Rastignac, que no era hombre que supiera encajar una ofensa, se quedó como fulminado y se dejó llevar hacia el vano de una ventana por una mano férrea de la que le fue imposible sacudirse.

—Gallito recién salido del gallinero de mamá Vauquer, al que le ha faltado el valor de apoderarse de los millones del viejo Taillefer cuando lo más duro del trabajo estaba ya hecho4, ha de saber, para su seguridad personal, que si no se comporta con Lucien como si se tratara de un queridísimo hermano, está usted en nuestras manos sin que nosotros estemos en las suyas. Así que silencio y abnegación; si no, intervendré yo en su juego para desbaratarlo. Lucien de Rubempré está protegido por el poder más grande de hoy, la Iglesia. Elija entre la vida o la muerte. ¿Cuál es su respuesta?
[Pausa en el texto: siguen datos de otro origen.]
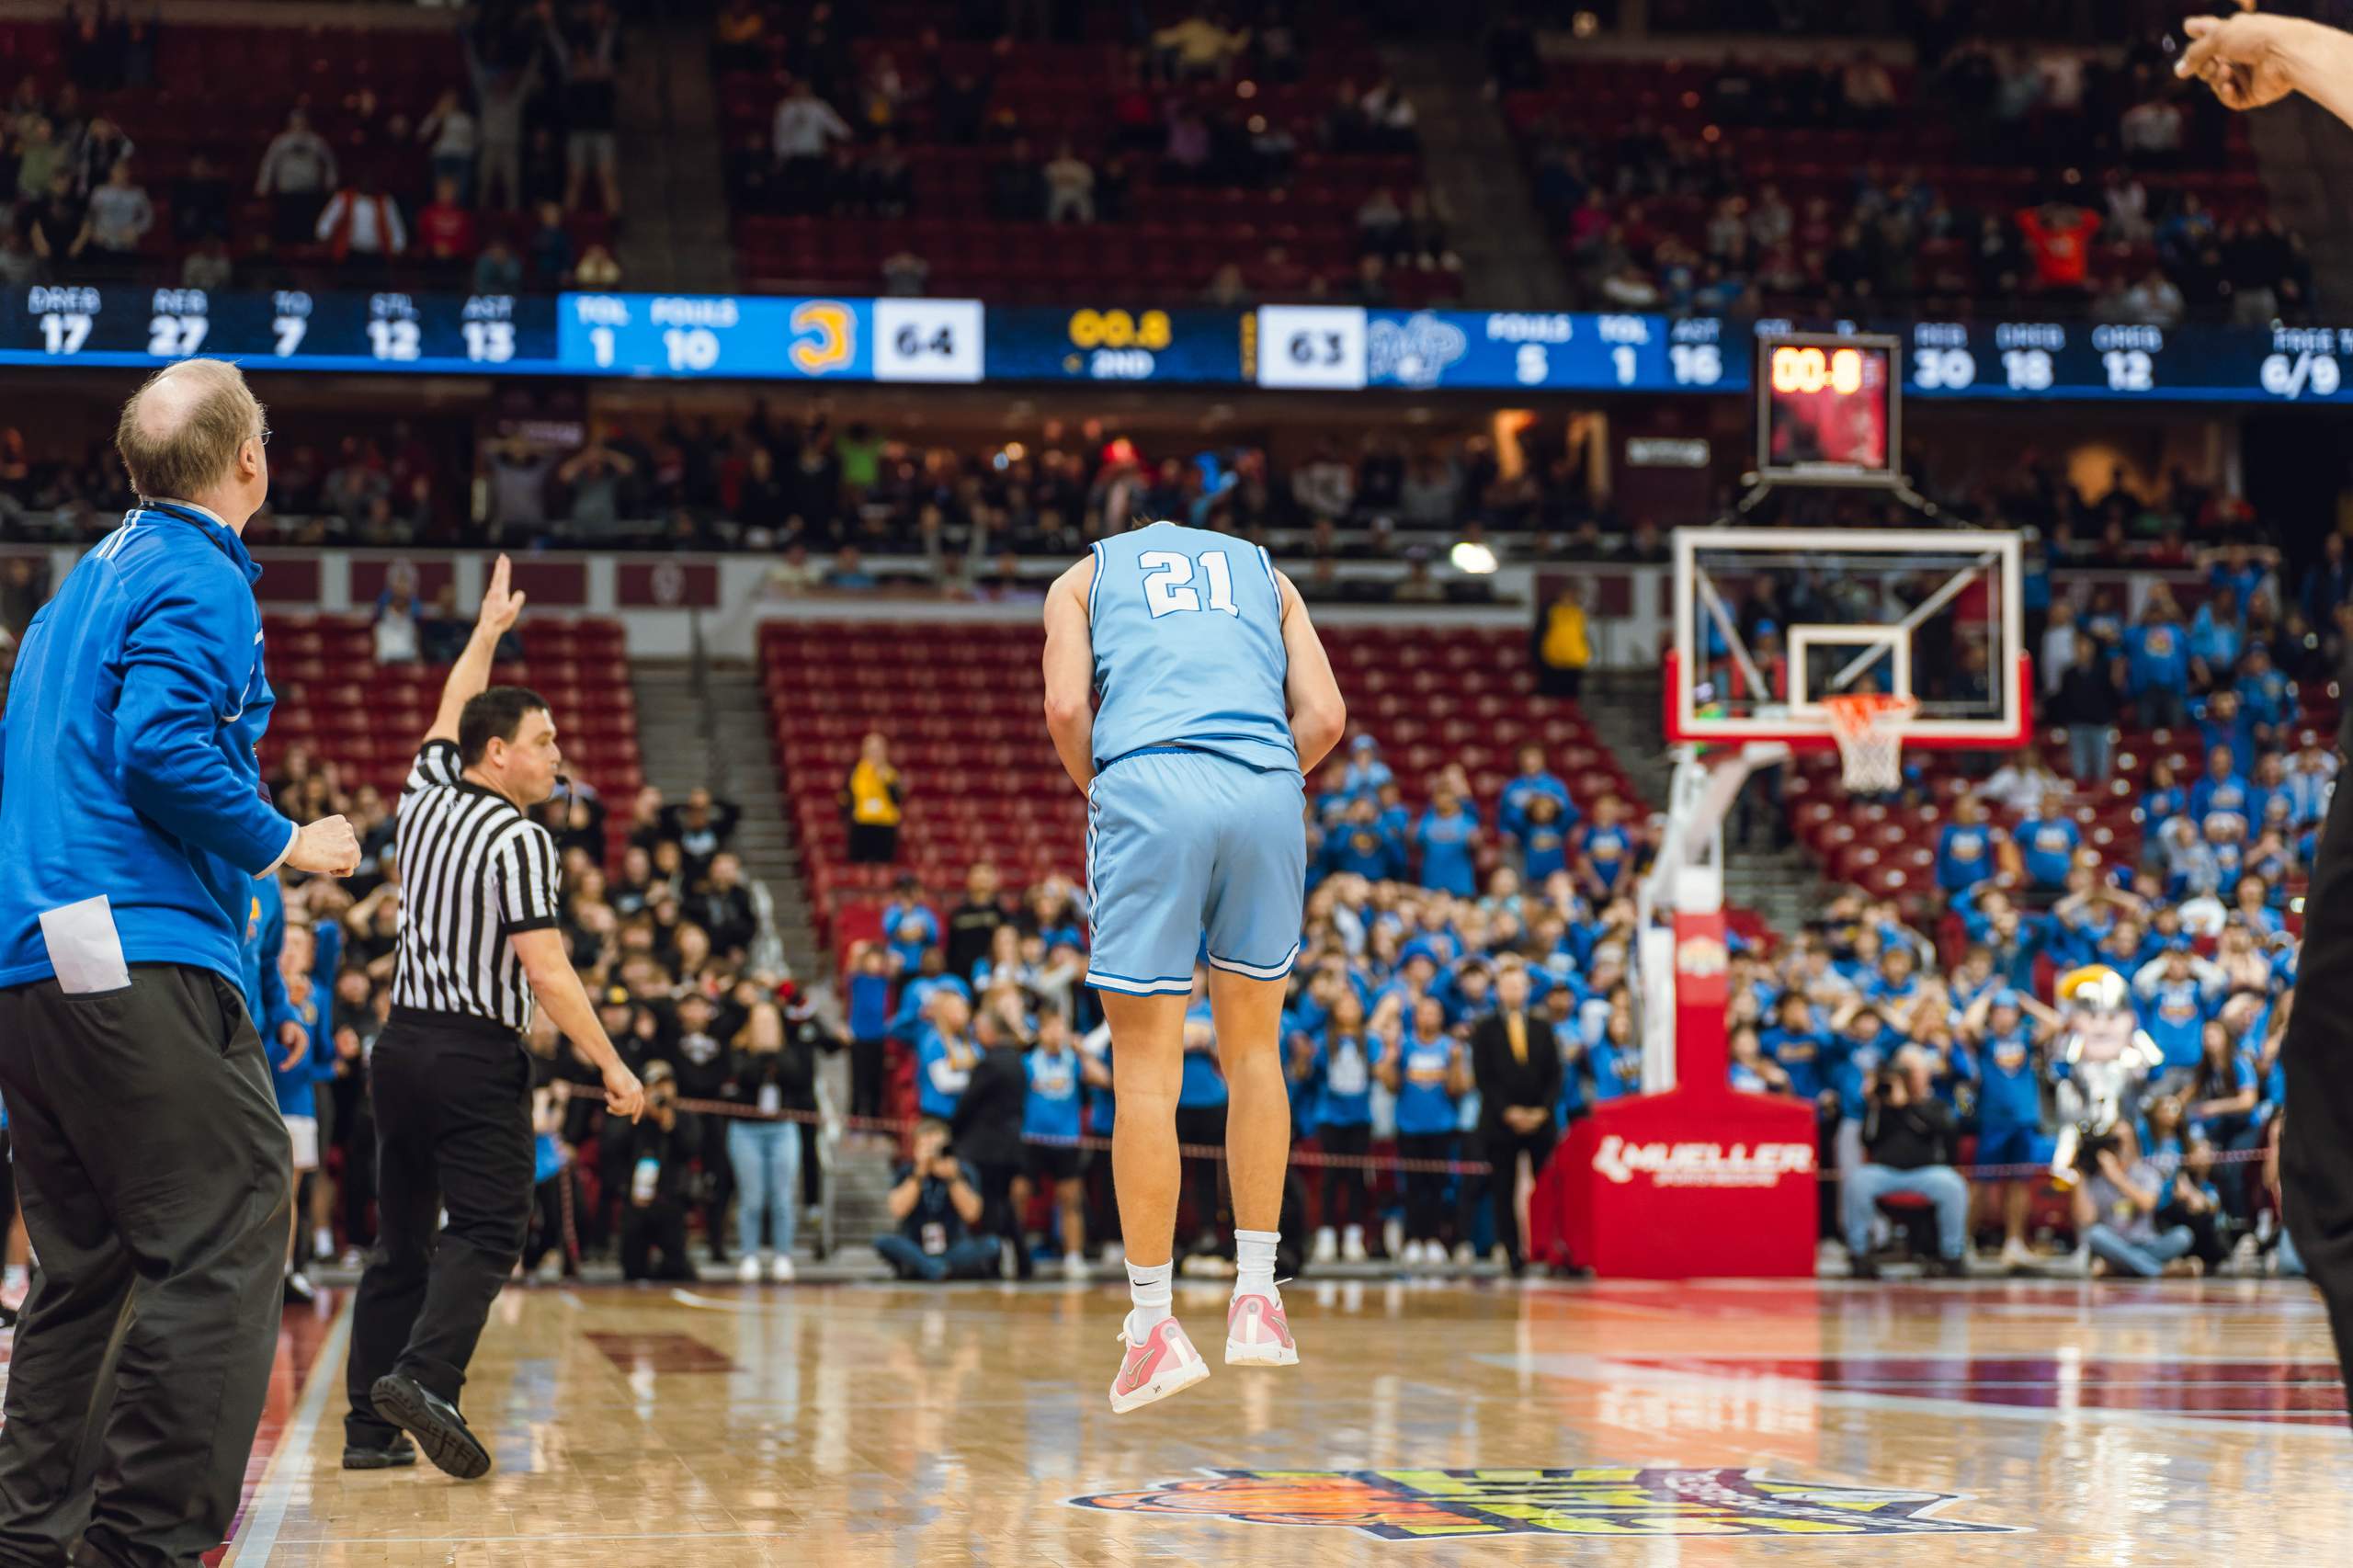 WIAA Boys Division 4 Championship Game between Mineral Point and Kenosha St. Joseph Catholic, photography by Ross Harried for Second Crop Sports
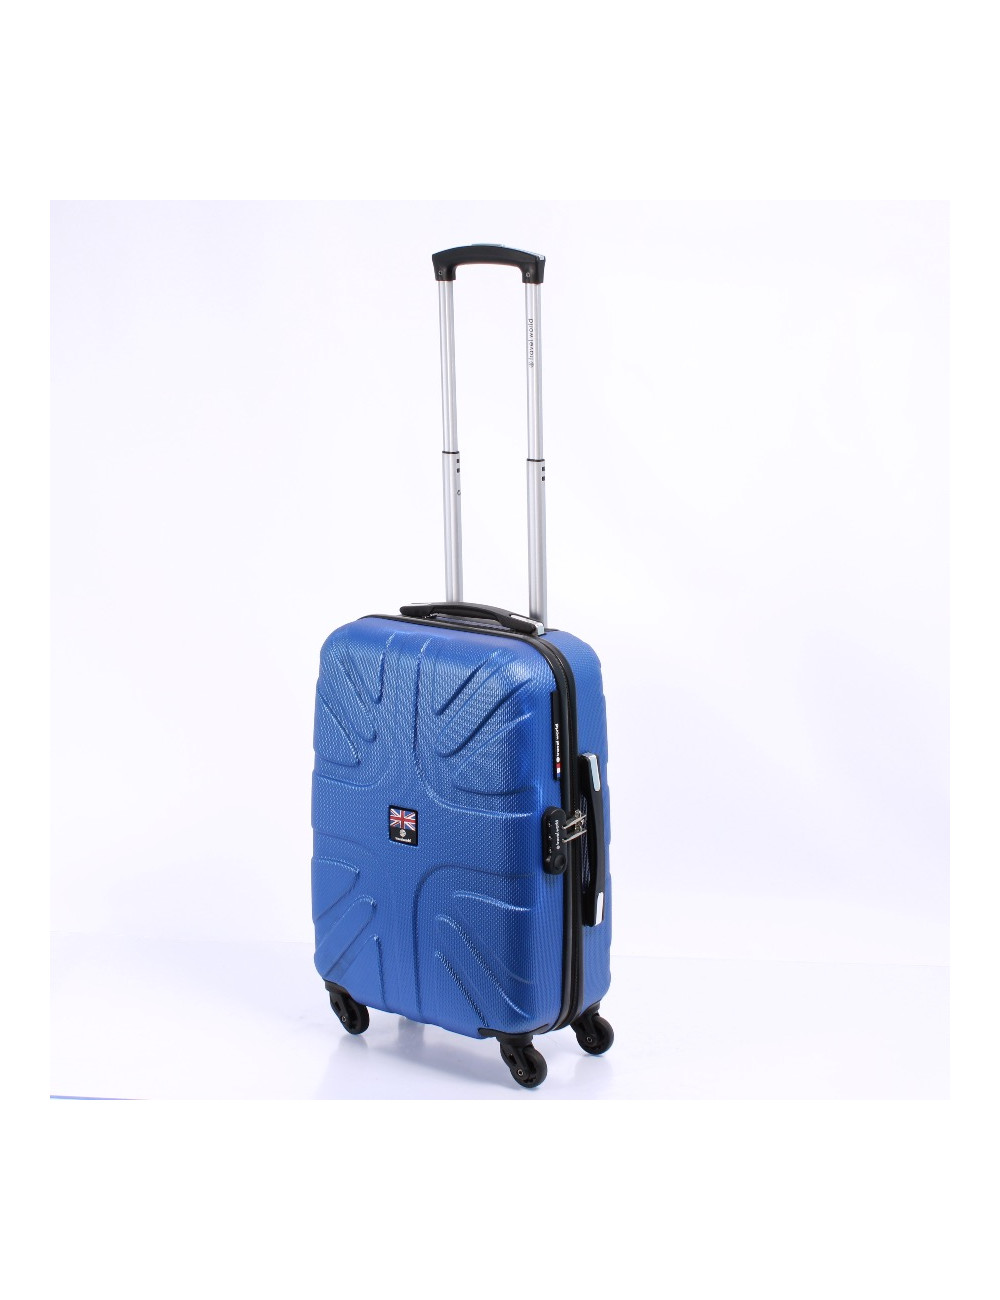 Le Bagage - Valise Cabine -...

Rastignac se sintió presa del vértigo, como un hombre dormido en medio de un bosque que se despertara al lado de una leona famélica. Tuvo miedo, pero sin testigos: los hombres más valerosos se abandonan entonces al miedo.

—Sólo él puede saber… y puede atreverse… —se dijo como para sí mismo.

La máscara le apretó la mano para que no terminara la frase:

—Así que actúe como si fuera él —dijo.

OTRAS MÁSCARAS

Rastignac se comportó como un millonario asaltado por el camino real por un bandolero: capituló.

—Mi querido conde —dijo a Châtelet volviendo a su lado—, si tiene interés en conservar su posición, trate a Lucien de Rubempré como a alguien a quien algún día encontrará situado más alto de lo que está usted.

La máscara dejó escapar un ademán imperceptible de satisfacción y se puso de nuevo tras los pasos de Lucien.

—Querido amigo, ha cambiado usted muy rápido de opinión respecto a él —respondió el prefecto, justamente asombrado.

—Tan rápido como los que están con el centro y votan a la derecha —respondió Rastignac a ese prefecto-diputado que, desde hacía pocos días, negaba su voto al Gobierno.

—¿Acaso hay opiniones hoy en día? No, no hay más que intereses —replicó Des Lupeaulx, que los escuchaba—. ¿De qué se trata?

—Del señor de Rubempré, que Rastignac quiere hacerme creer que es un personaje —dijo el diputado al secretario general.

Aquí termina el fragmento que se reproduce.